Recall that $ReLU(x) = max(x,0)$ . When $x>0$ this returns $x$ so this is linear in this region of the function (gradient is 1), and when $x<0$ this is always 0 (so a constant value), so gradient is 0. NB the gradient at exactly 0 is technically undefined but in practice we just set it to zero.

Code:

def relu(z, deriv = False):
        if(deriv): #this is for the partial derivatives (discussed in next blog post)
            return z>0 #Note that True=1 and False=0 when converted to float
        else:
            return np.multiply(z, z>0)

Pooling Layer

For the pooling layer, we do not need to explicitly compute partial derivatives, since there are no parameters. Instead we are concerned with how to distribute the gradient to each of the values in the corresponding input 2x2 patch.

there are two options:

Max Pooling
Average Pooling

Max Pooling:

Intuitively a nudge in the non-max values of each 2x2 patch will not affect the output, since the output is only concerned about the max value in the patch. Therefore the non-max values have a gradient of 0.

For the max value in each patch, since the output is just that value, a nudge in the max value will have a corresponding magnitude nudge in the output - so the gradient is 1.

So effectively, we are just routing the gradient through only the max value of that corresponding input patch.

Average Pooling:

Here for a given 2x2 patch $X$ the output $Z$ is given by the mean of the values i.e:

$Z = \frac{X*{11}+X*{12} + X*{21} + X*{22}}{4}$

Thus a nudge in any of these values in the patch will have a output nudge that is only a quarter of the magnitude - i.e. the gradient here is 0.25 for all values across the image.

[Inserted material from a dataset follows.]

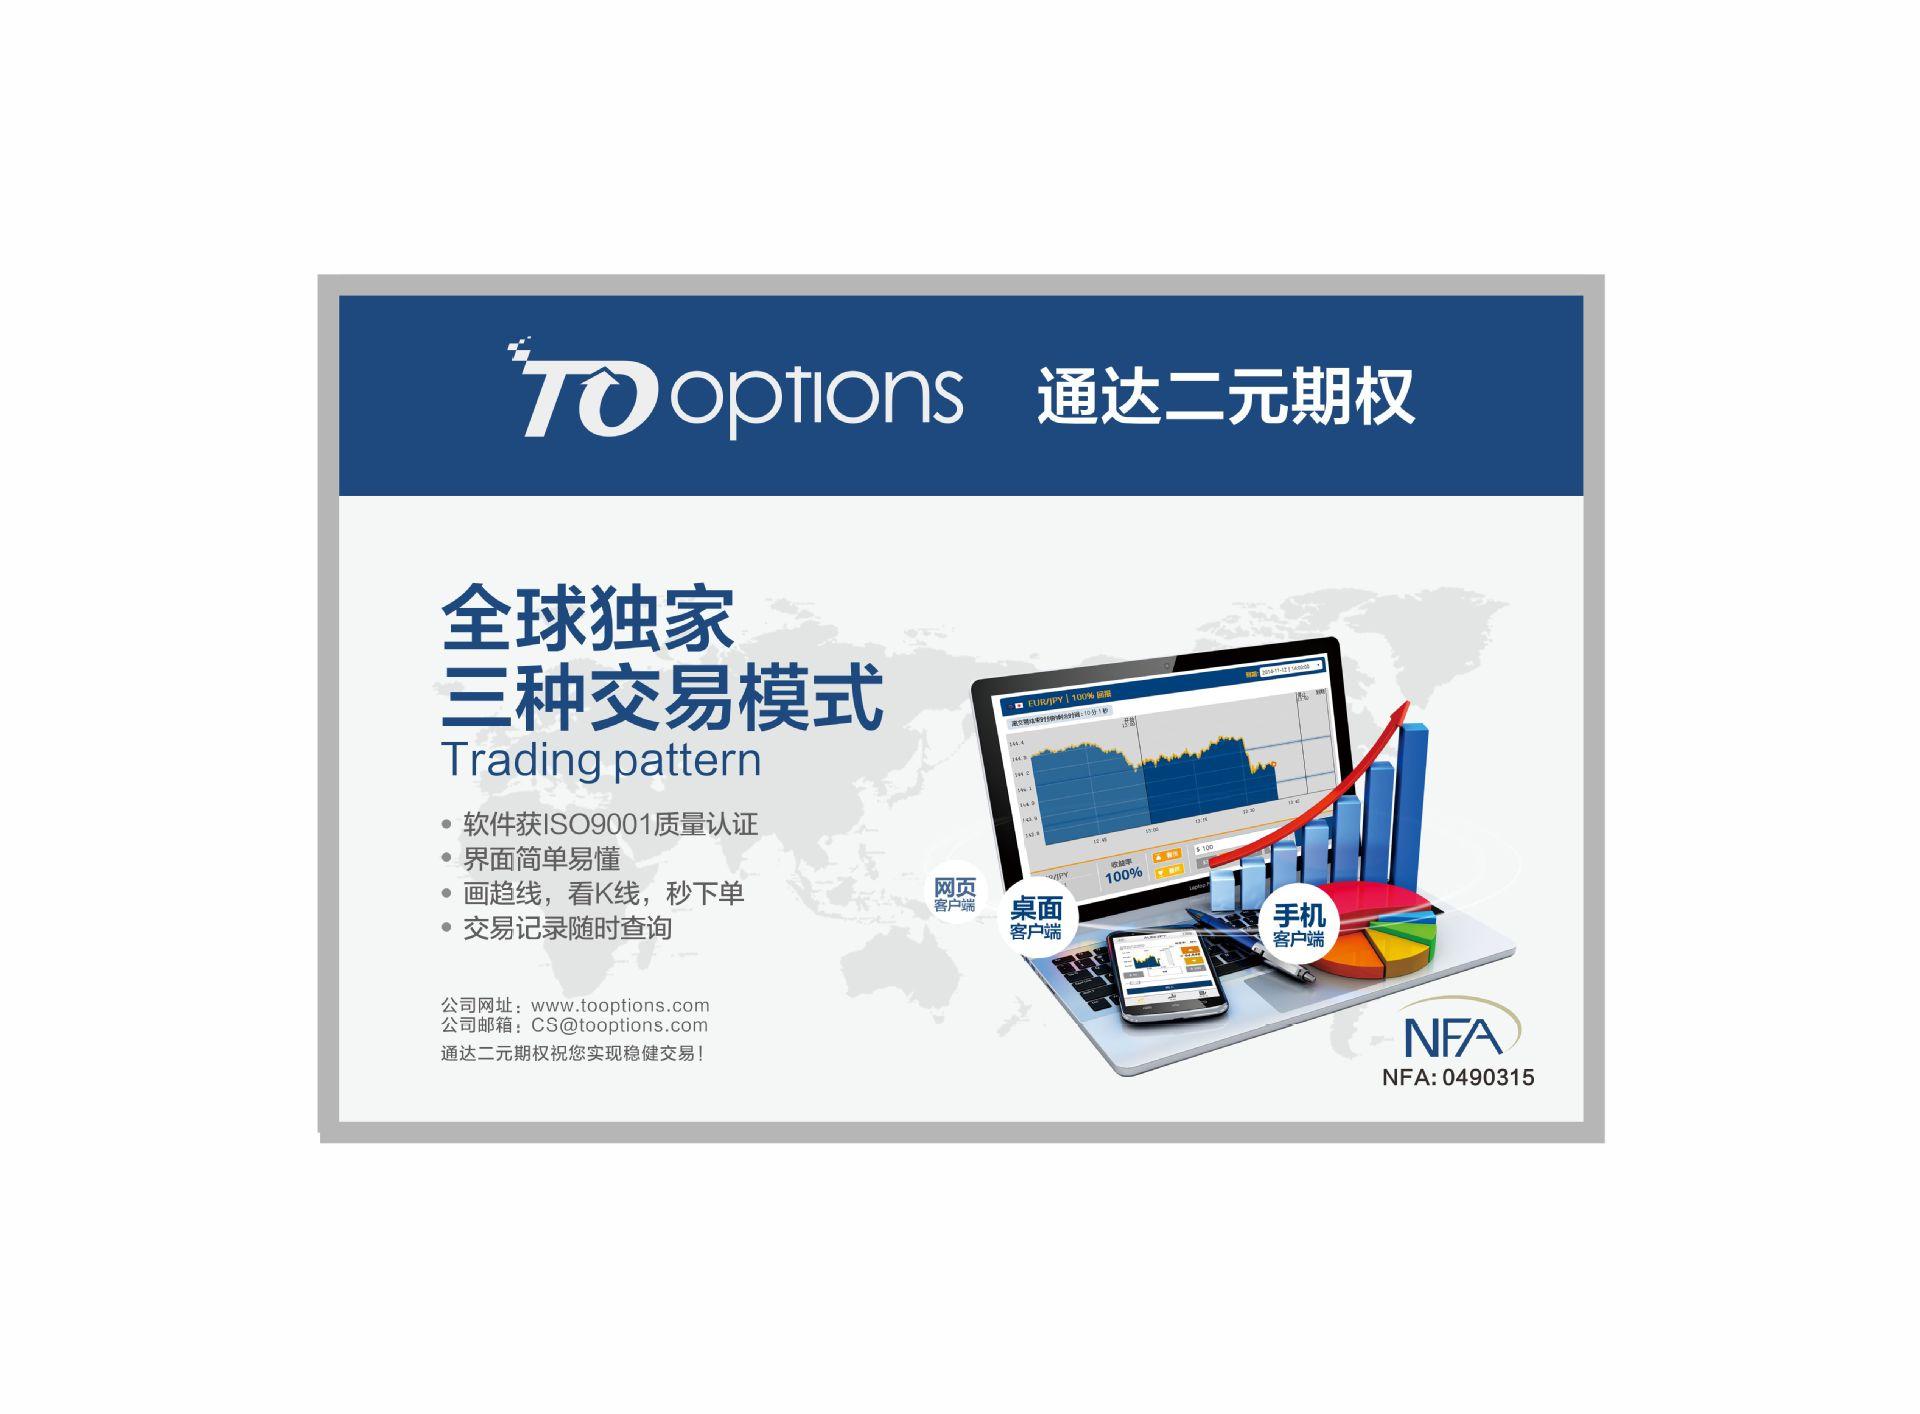 横式广告画面3

Intuitively think of this as sharing the gradient equally between the values in the patch.

Code:

It is worth bringing up the code from the forward pass, to detail how the mask, which is used to allocate gradients, is created.

Max Pooling:

We use np.repeat() to copy one ouput value across the corresponding 2x2 patch (i.e. we double the width/height of the output) - so it has the same dimensionality as the input.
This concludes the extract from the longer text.